I had a working drone server running in docker on NixOS. The configuration of the server is:
systemd.services.pubdrone = {
wantedBy = [ "multi-user.target" ];
after = [ "network.target" ];
description = "Drone.io CD-Server for public projects";
serviceConfig = {
Type = "oneshot";
RemainAfterExit = "yes";
ExecStart = ''${pkgs.docker}/bin/docker run \
--volume=/var/run/docker.sock:/var/run/docker.sock \
--volume=/var/lib/drone:/data \
--env=DRONE_GIT_ALWAYS_AUTH=false \
--env=DRONE_GITLAB_SERVER=https://gitlab.com \
--env=DRONE_GITLAB_CLIENT_ID=<hidden> \
--env=DRONE_GITLAB_CLIENT_SECRET=<hidden> \
--env=DRONE_SERVER_HOST=pub.drone.amessage.eu \
--env=DRONE_SERVER_PROTO=https \
--env=DRONE_TLS_AUTOCERT=true \
--env=DRONE_USER_CREATE=username:<hidden>,machine:false,admin:true \
--env=DRONE_DATABASE_SECRET=<hidden> \
--env=DRONE_RPC_SECRET=<hidden> \
--publish=8081:80 \
--restart=always \
--detach=true \
--name=pubdrone \
drone/drone:1'';
ExecStop = ''${pkgs.docker}/bin/docker stop pubdrone'';
ExecStopPost = ''${pkgs.docker}/bin/docker rm -f pubdrone'';
};
};
The runner (on a different host is):
systemd.services.pubdronerun = {
wantedBy = [ "multi-user.target" ];
after = [ "network.target" ];
description = "Drone.io Runner";
serviceConfig = {
Type = "oneshot";
RemainAfterExit = "yes";
ExecStart = ''${pkgs.docker}/bin/docker run \
--volume=/var/run/docker.sock:/var/run/docker.sock \
--volume=/var/lib/drone:/data \
--env=DRONE_RPC_HOST=pub.drone.amessage.eu \
--env=DRONE_RPC_PROTO=https \
--env=DRONE_RPC_SECRET=<hidden> \
--env=DRONE_RUNNER_CAPACITY=2 \
--env=DRONE_RUNNER_NAME=nahe.amessage.eu \
--restart=always \
--detach=true \
--name=pubdronerun \
drone/drone-runner-docker:1'';
ExecStop = ''${pkgs.docker}/bin/docker stop pubdronerun'';
ExecStopPost = ''${pkgs.docker}/bin/docker rm -f pubdronerun'';
};
};
In the log file of the runner I get the following:
time=“2020-03-26T11:29:31Z” level=info msg=“starting the server” addr=":3000"
time=“2020-03-26T11:29:31Z” level=info msg=“successfully pinged the remote server”

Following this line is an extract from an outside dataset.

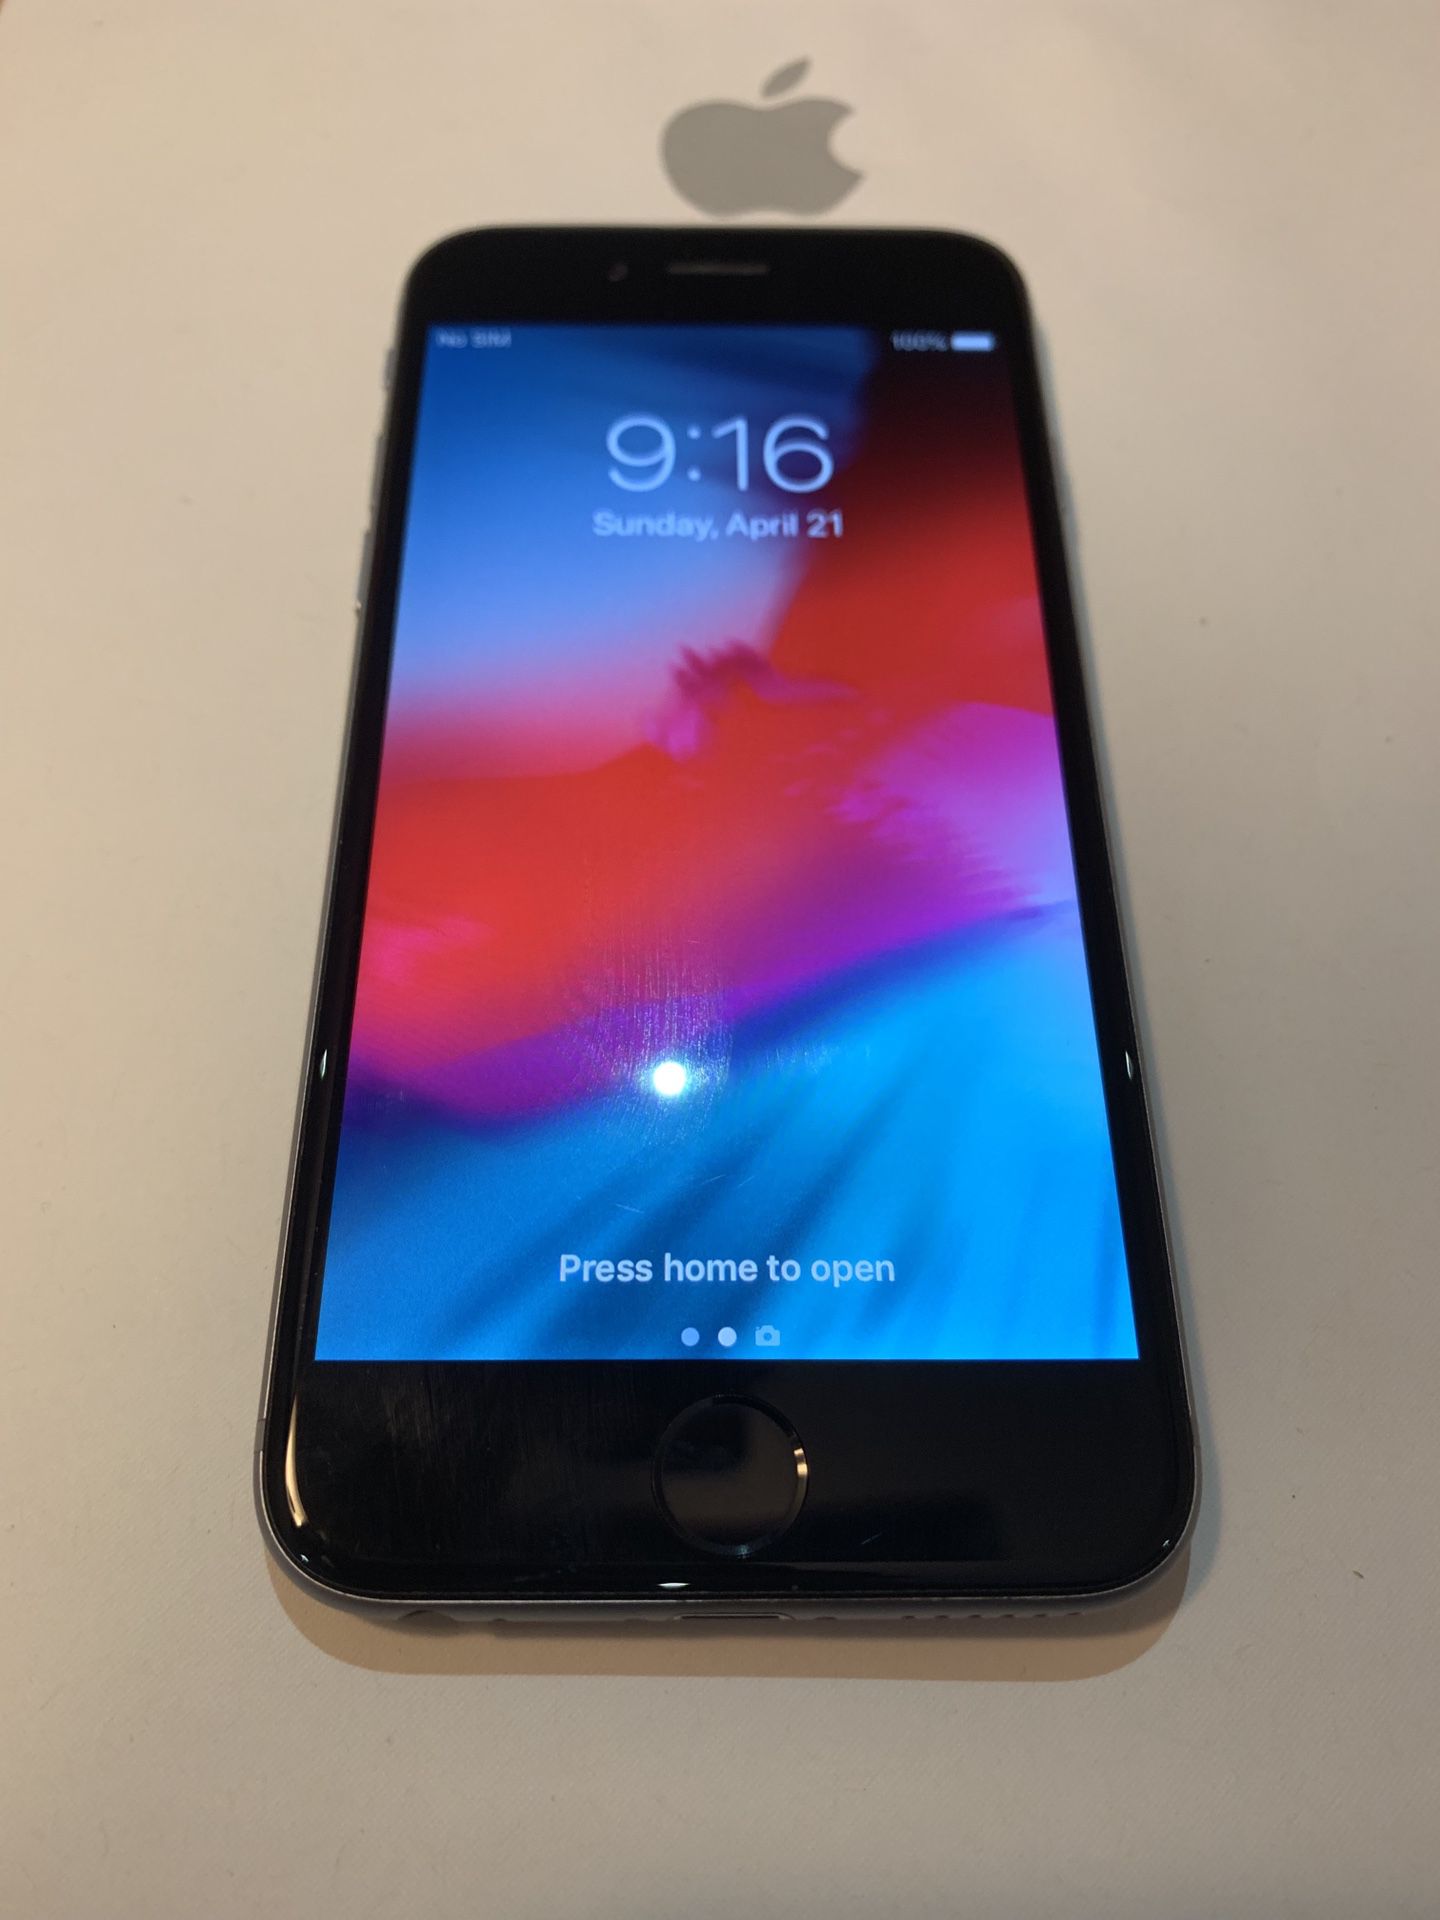 iPhone 6 - 16GB - UNLOCKED! - Space Gray (Metro PCs, Cricket, T-Mobile, Verizon & More!)

time=“2020-03-26T11:29:31Z” level=info msg=“polling the remote server” arch=amd64 capacity=2 endpoint=“https://pub.drone.amessage.eu” kind=pipeline os=linux type=docker
On the server I get nothing. Only the following if I restart the container:
{“level”:“info”,“msg”:“main: internal scheduler enabled”,“time”:“2020-03-26T15:48:27Z”}
{“acme”:true,“host”:“pub.drone.amessage.eu”,“level”:“info”,“msg”:“starting the http server”,“port”:":443",“proto”:“https”,“time”:“2020-03-26T15:48:27Z”,“url”:“https://pub.drone.amessage.eu”}
{“interval”:“30m0s”,“level”:“info”,“msg”:“starting the cron scheduler”,“time”:“2020-03-26T15:48:27Z”}
Any idea on how I could further debug this problem? Any obvious configuration error?
In the job queue there are 4 builds to be done and they don’t get executed for 14 days now.

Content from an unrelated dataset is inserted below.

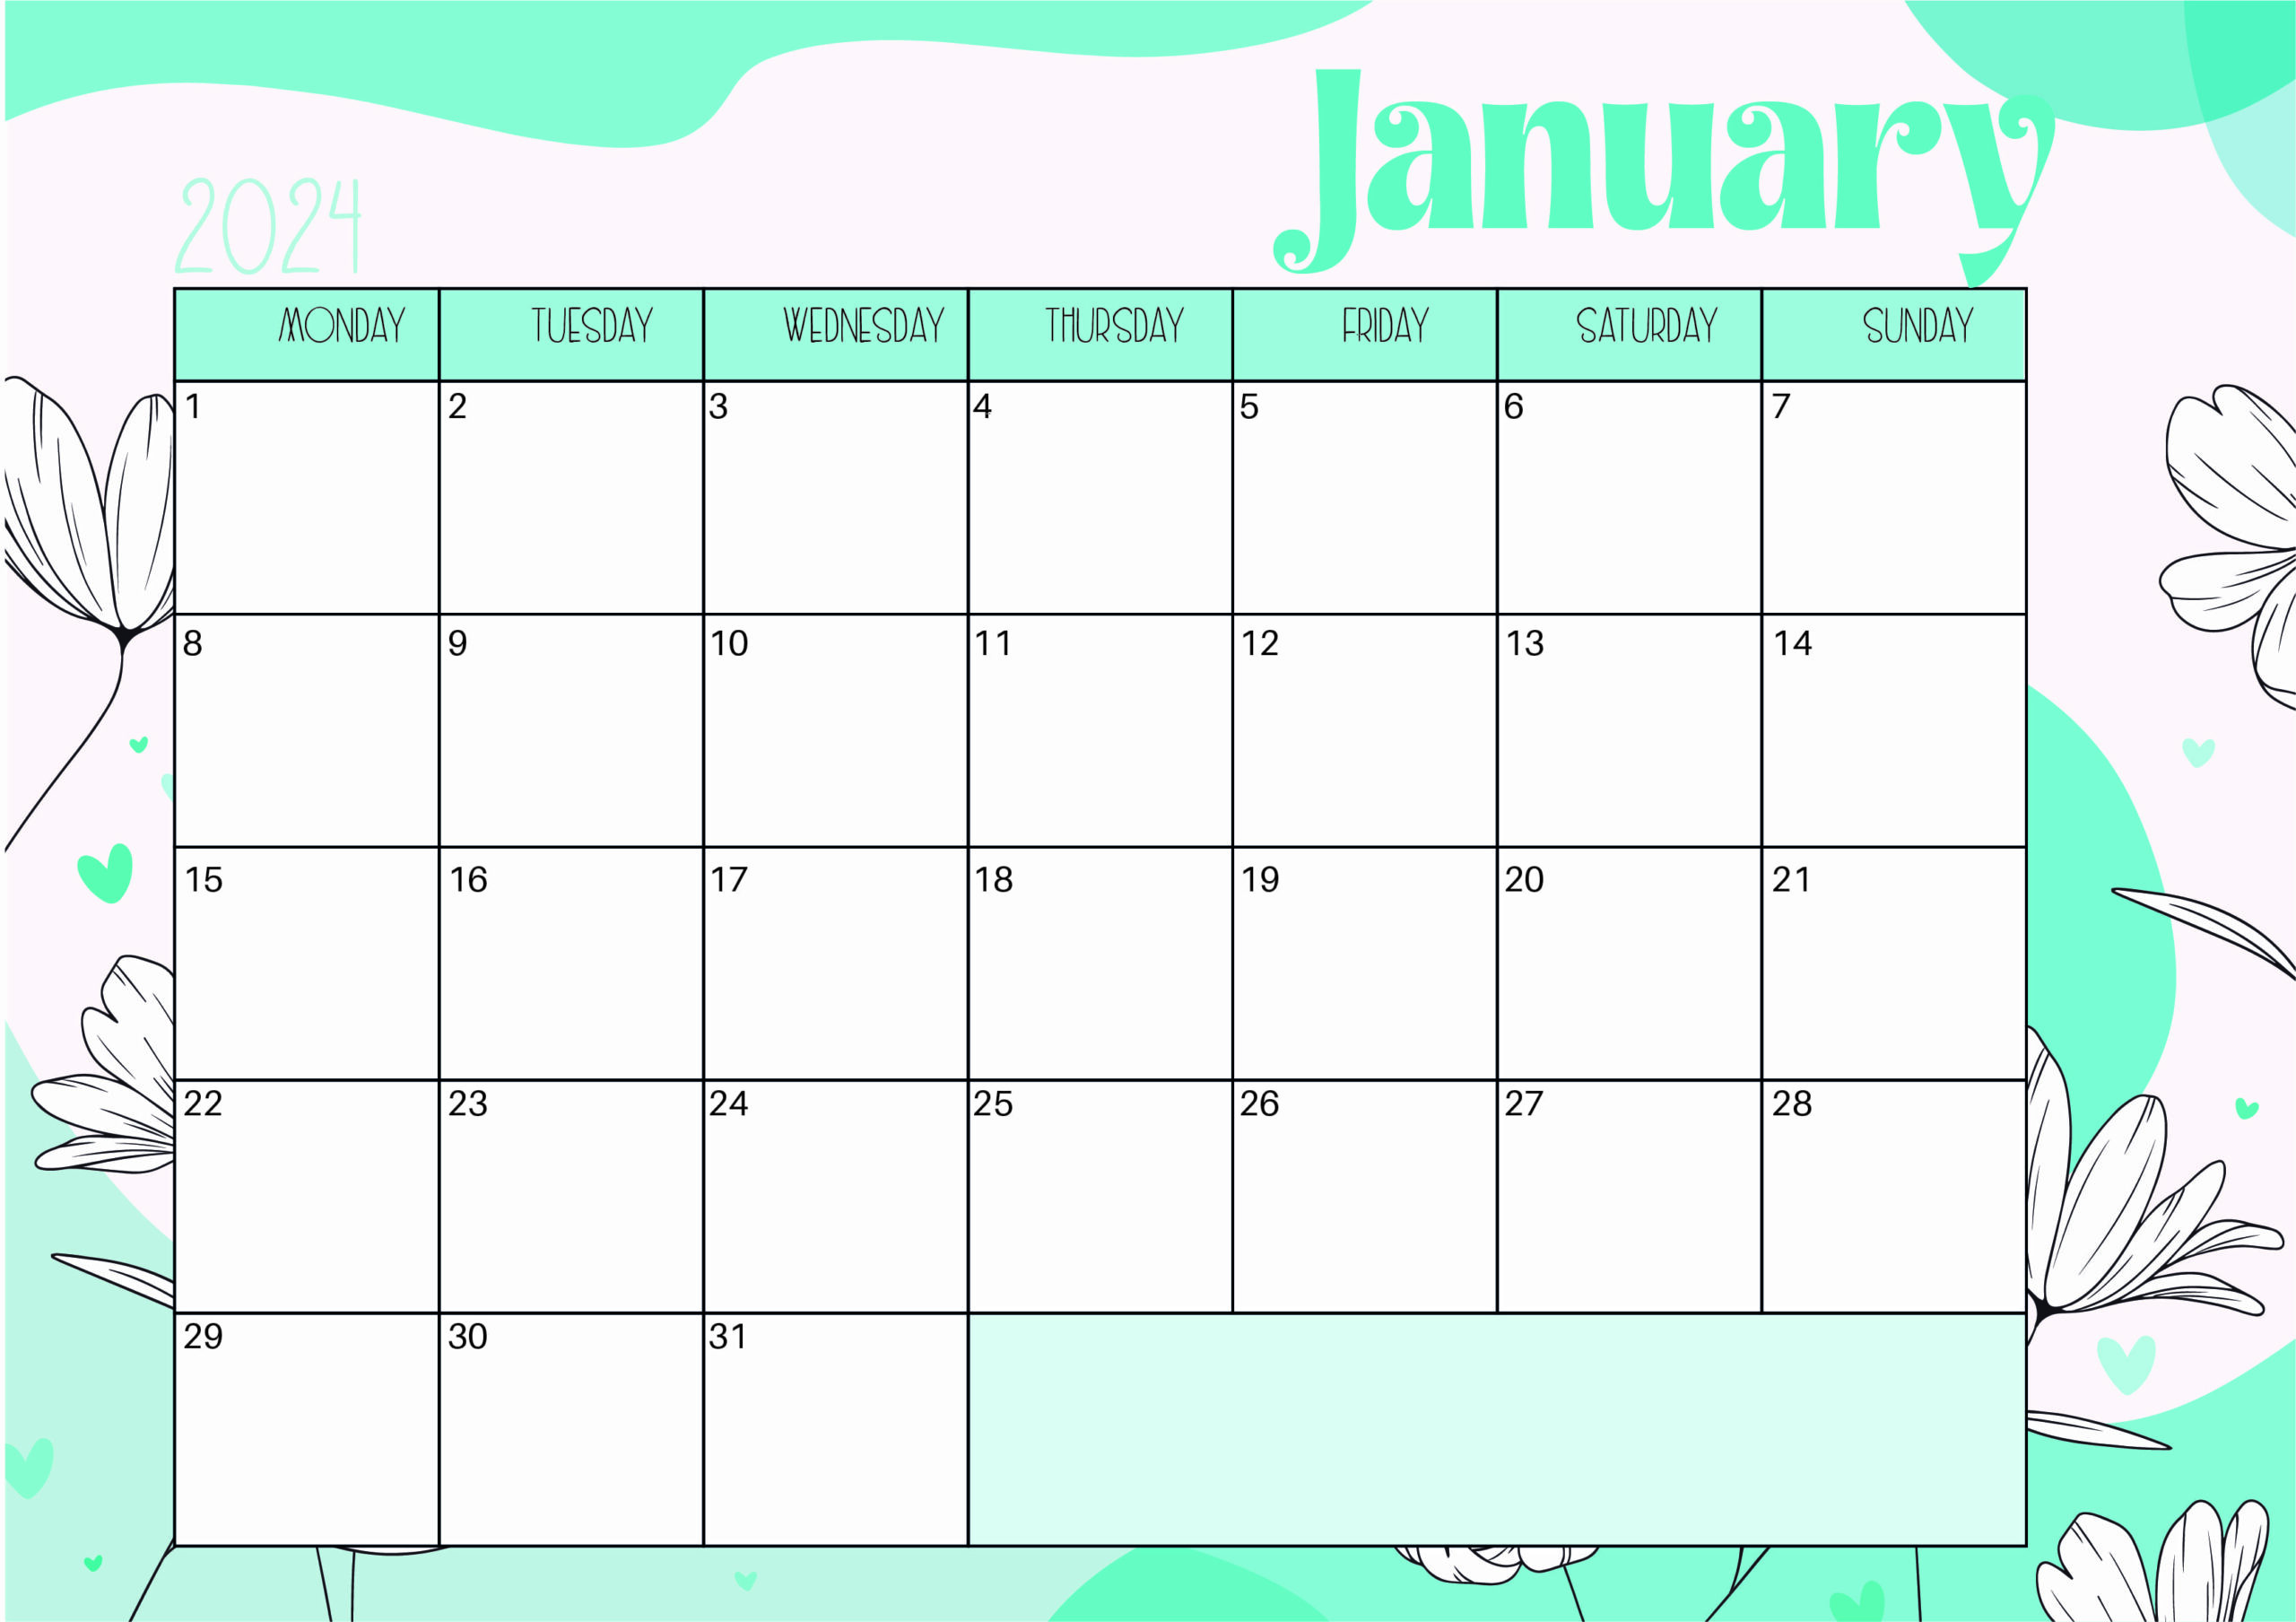 January 2024 Calendar for Printing

Okay, this is the request from the runner to the server:
POST /rpc/v2/stage HTTP/1.0
Host: pub.drone.amessage.eu
X-Real-IP: 178.27.181.13
X-Forwarded-For: 178.27.181.13
X-Forwarded-Proto: https
X-Forwarded-Host: pub.drone.amessage.eu
X-Forwarded-Server: pub.drone.amessage.eu
Connection: close
Content-Length: 89
x-drone-token: <hidden>
user-agent: Go-http-client/2.0
{"kind":"pipeline","type":"docker","os":"linux","arch":"amd64","variant":"","kernel":""}
The server responds with:
HTTP/1.0 204 No Content
Cache-Control: no-cache, no-store, must-revalidate, private, max-age=0
Expires: Thu, 01 Jan 1970 00:00:00 UTC
Pragma: no-cache
X-Accel-Expires: 0
Date: Thu, 26 Mar 2020 16:22:47 GMT
Why isn’t the server returning the pending builds?
Update: After canceling the 4 pending builds and restarting them afterwards 3 of them got built while one keeps staying in the pending state. Three actually corresponds the the sum of the configured capacity of the runners. So it seems after running one job, the runners don’t get a new one.
Thanks in advance
Matthias